Los guerrilleros no se entretuvieron tras la victoria, tal y como se les había ordenado. Incendiaron las tiendas, tomaron la caballería y las armas que pudieron y, sin despreciar alguna que otra botella de vino sobrante, salieron de allí al galope para internarse en el monte bajo, entre pinares. Sólo Sartenes quedó cerca del cuartel arrasado para comprobar si acudía algún refuerzo francés e informar a Zamorano. Pero lo único que vio fue a los vecinos de Rebollo salir de sus casas, acercarse a ver los restos del acuartelamiento y, con gran temor, volverse al pueblo para encerrarse, pensando en las represalias, en la iglesia de Nuestra Señora de la Asunción.

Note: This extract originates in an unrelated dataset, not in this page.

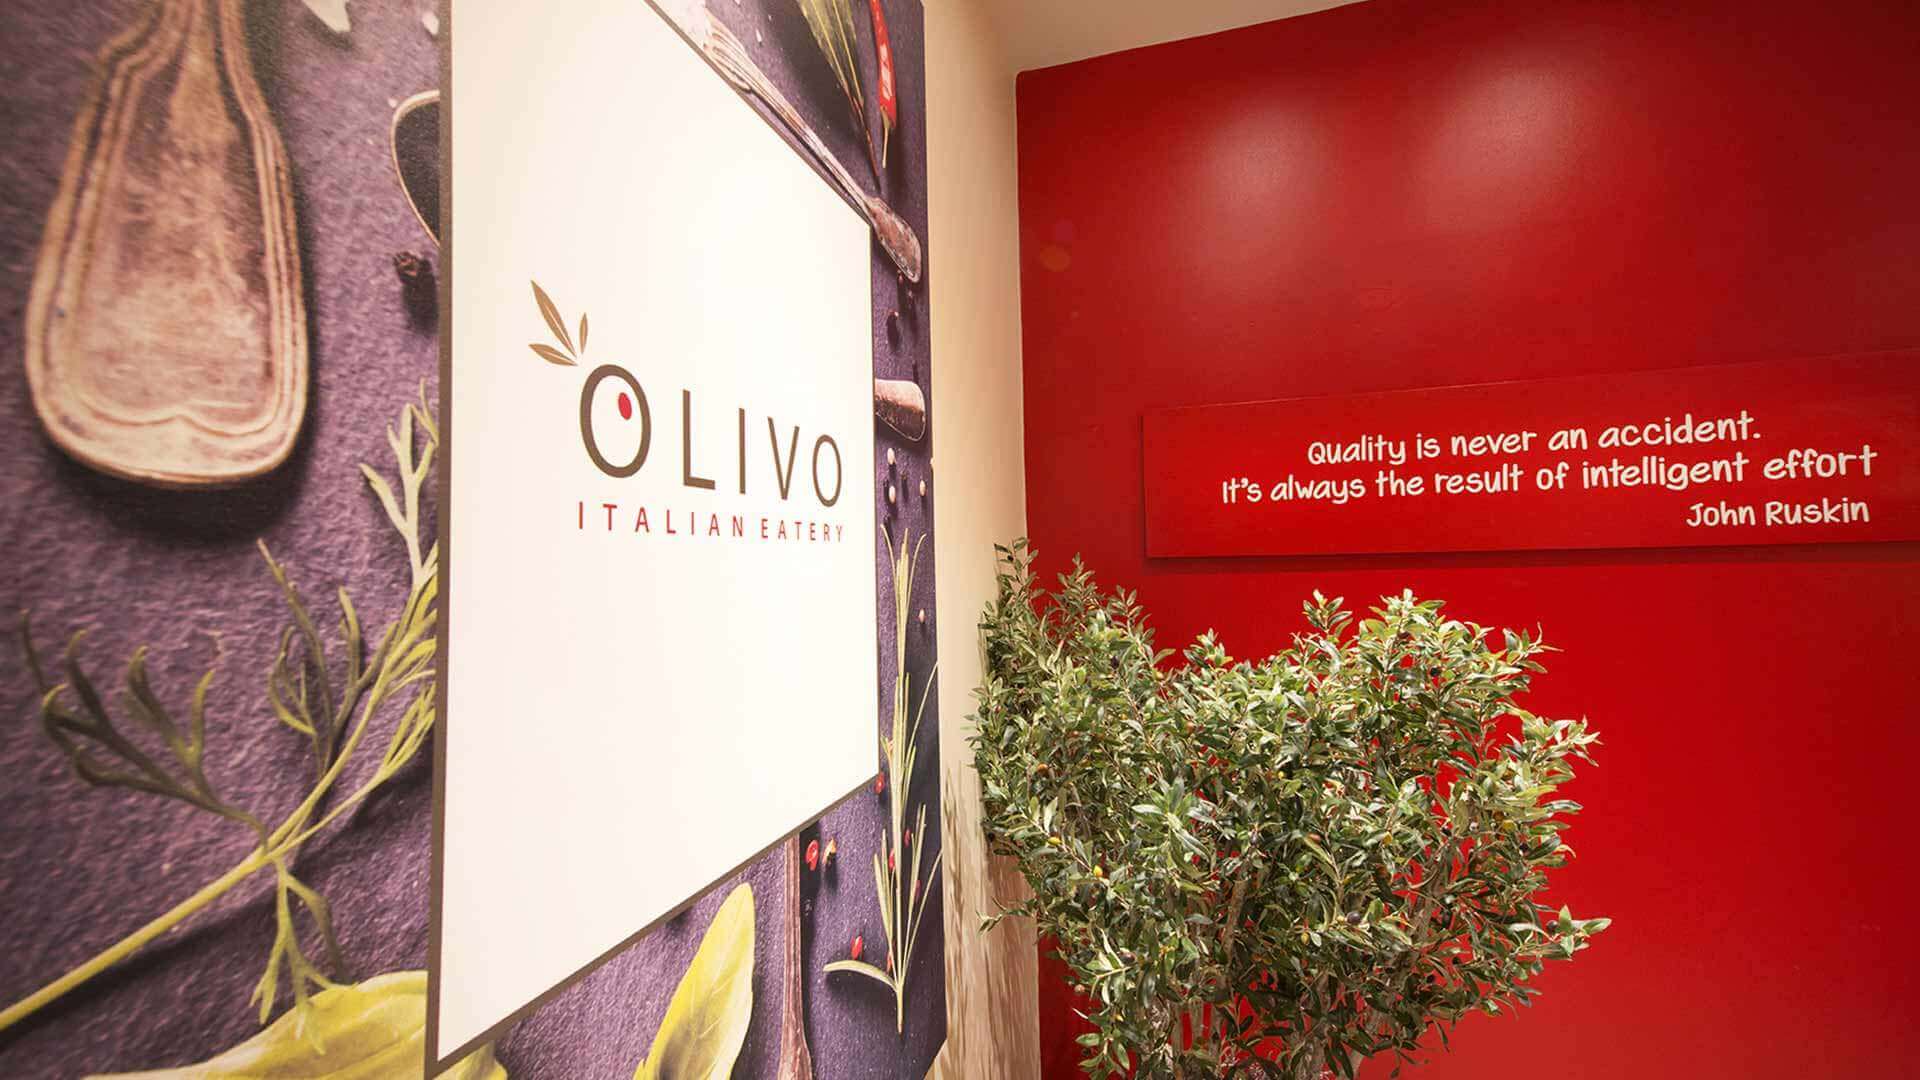 Sign and wall decor at the Olivo Italian restaurant near Cork airport

El cuerpo de Jacinto Perales quedó allí también, asistido por un gesto de Sartenes que lo despidió en la distancia, santiguándose. A media tarde el asalto fue descubierto por una patrulla francesa formada por un oficial y dos soldados de tropa. Sartenes vio a los jinetes en la lejanía, cuando ya se internaba en el pinar, y no se quedó para ver qué hacían después. Al llegar junto a sus compañeros, informó a Zamorano de lo sucedido y se unió al brindis por la victoria que se hizo entre aullidos y risas alzando las botellas de vino francés.

—Treinta y dos caballos, veinte fusiles, cuatro cajas de pólvora y dos de munición —hizo el inventario en voz alta Ezequiel. Y añadió—: Los invasores nos van a odiar por esto.

—Les herirá más en su orgullo la pérdida de cincuenta hombres, y de este modo… —resopló Zamorano—. A mí me sacaría de quicio…

—Pero usted no es francés —exclamó Sartenes, alzando su botella—. A estos, lo que más les dolerá será haber perdido este vino.

Los guerrilleros rieron las palabras de su compañero y bebieron a la salud de su jefe. Zamorano bebió también, pero de inmediato impuso silencio y ofició un brindis por la memoria de Jacinto, el compañero muerto. Todos alzaron la botella y brindaron por él, como si recitasen una oración. Y a partir de ese momento guardaron un silencio de respeto que mantuvieron el resto del día.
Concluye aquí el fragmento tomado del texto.